In London and other parts of the UK, the Internet of Everything is causing city and government administrators to begin thinking long-term about energy consumption and their manufacturing industry. Facing a looming energy shortfall and poised to take its place as an international manufacturing hub, the UK is taking full advantage of the reach of the Internet of Everything as it works to solve infrastructure and economic challenges.
These examples are just the beginning of how with the Internet of Everything can change our world.
Thirty years ago, there were just 1,000 connections to the Internet throughout the world. Today, with the help of app-centric infrastructure, sensors and mobile devices, there are about 13 billion connections, and this is still just 1 percent of what’s possible. The economic opportunity to connect the unconnected totals $19 trillion, comprising $4.6 trillion for the public sector, two-thirds of which can be realized by cities.

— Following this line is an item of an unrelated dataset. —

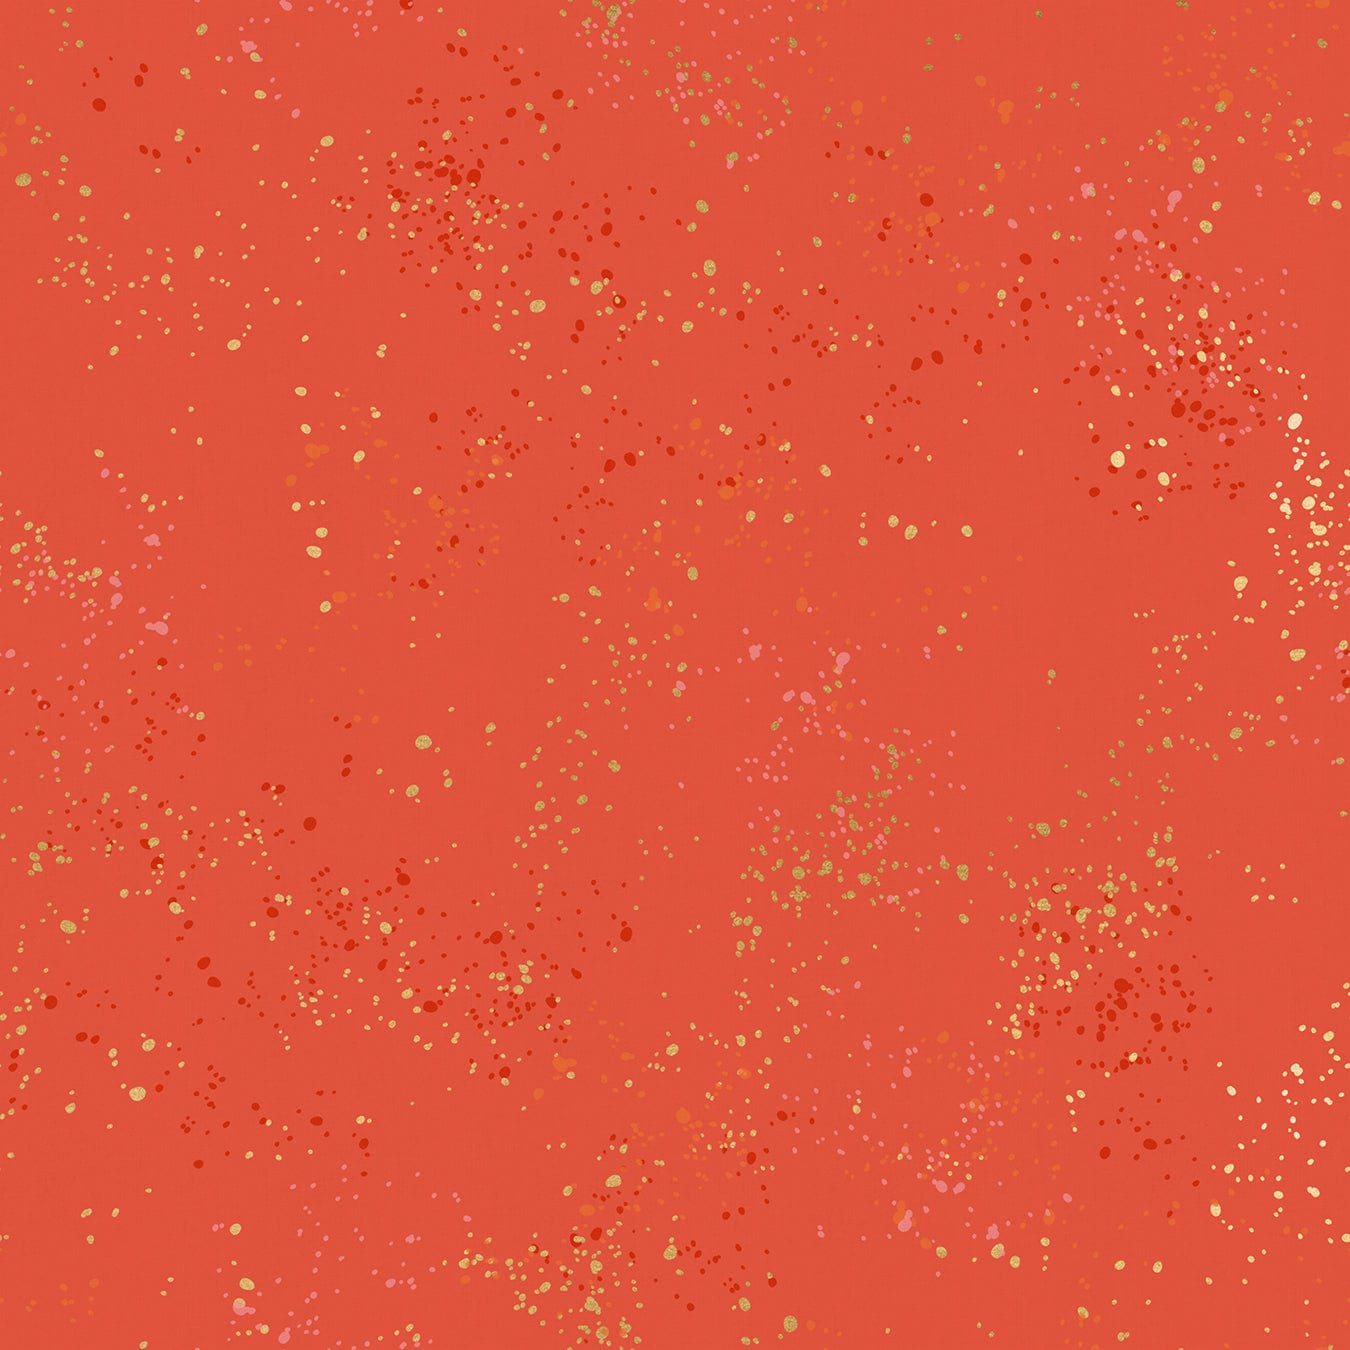 Ruby Star Fabric Speckled Metallic Festive RS5027 75M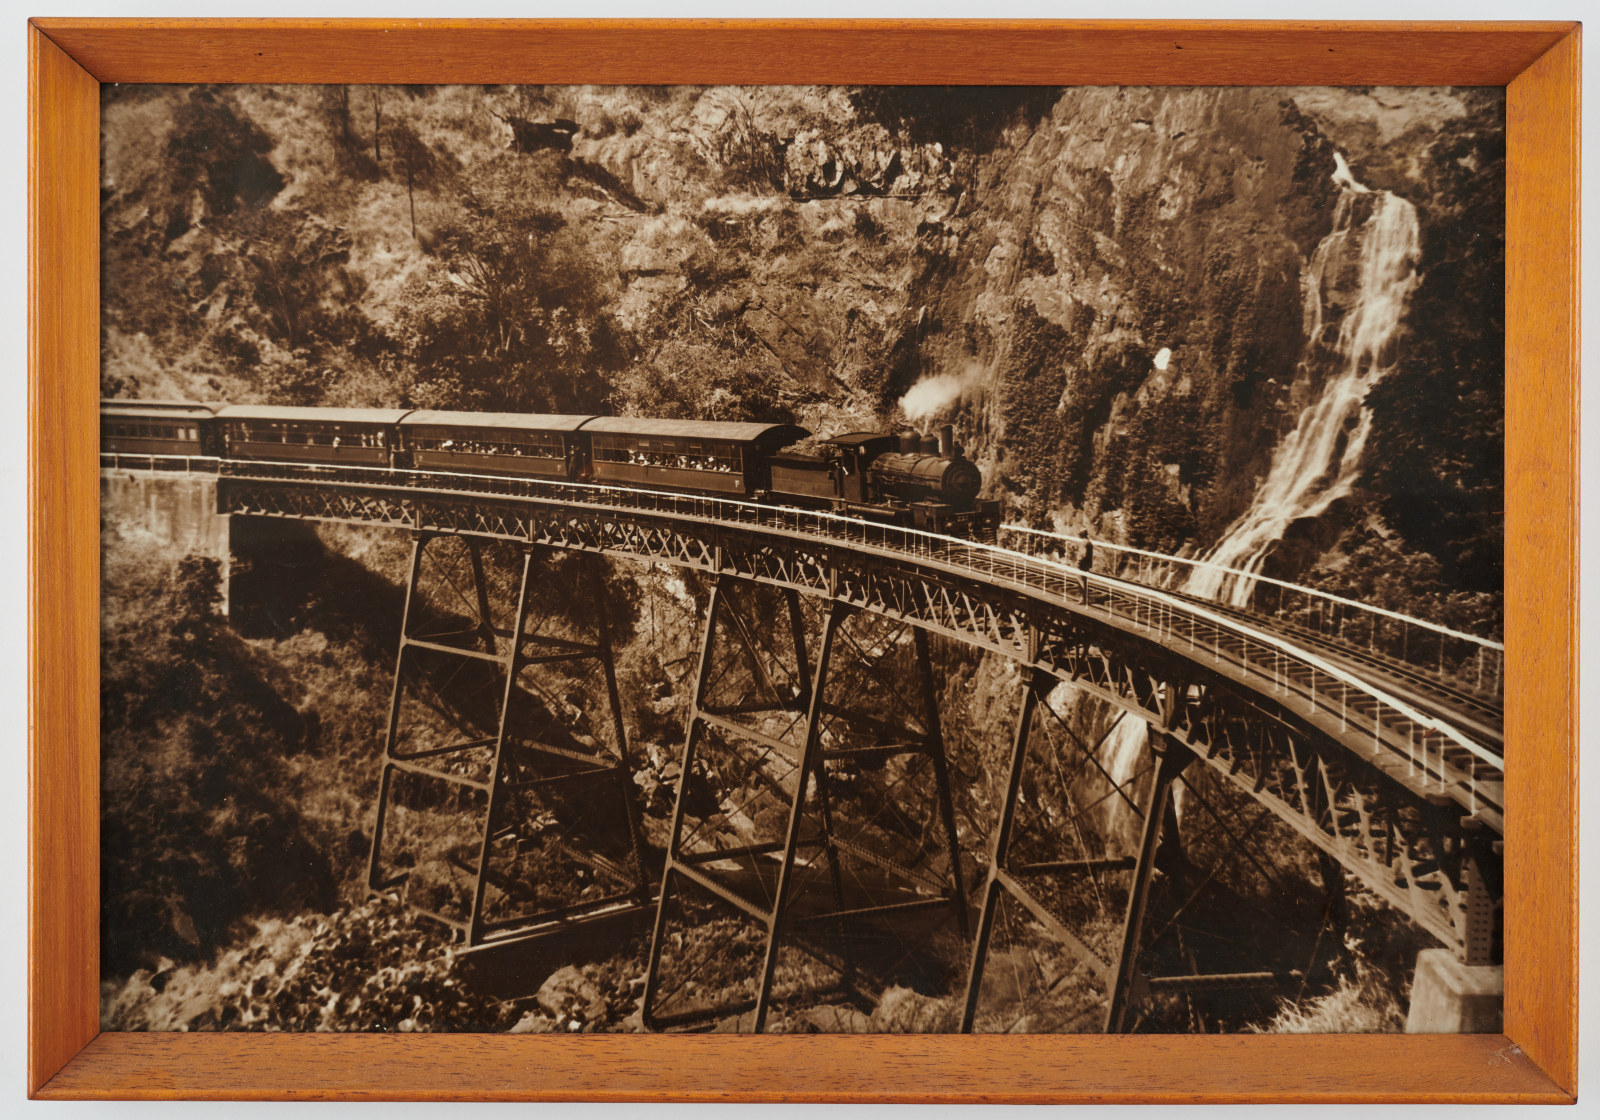 Framed photograph of Stoney Creek crossing, Kuranda, Queensland, provenance of Ellen Marshall, former resident of No 62 Susannah Place, 1962-1990

In 2020, we expect 50 billion things to be connected to the Internet, which will still be scratching the surface of what’s possible.
We know that data is doubling every two years, and according to IDC the digital universe will expand to 44 zettabytes, or 44 trillion gigabytes, annually by 2020. That’s even more staggering when you consider that today 90 percent of data is dark – it is only viewed once or not at all.
However, this explosion of data and apps – when properly optimized – presents unprecedented opportunities to better manage resources and improve quality of life. By embracing the Internet of Everything, cities across the globe can are lead the way toward a more sustainable world. Will your city be next?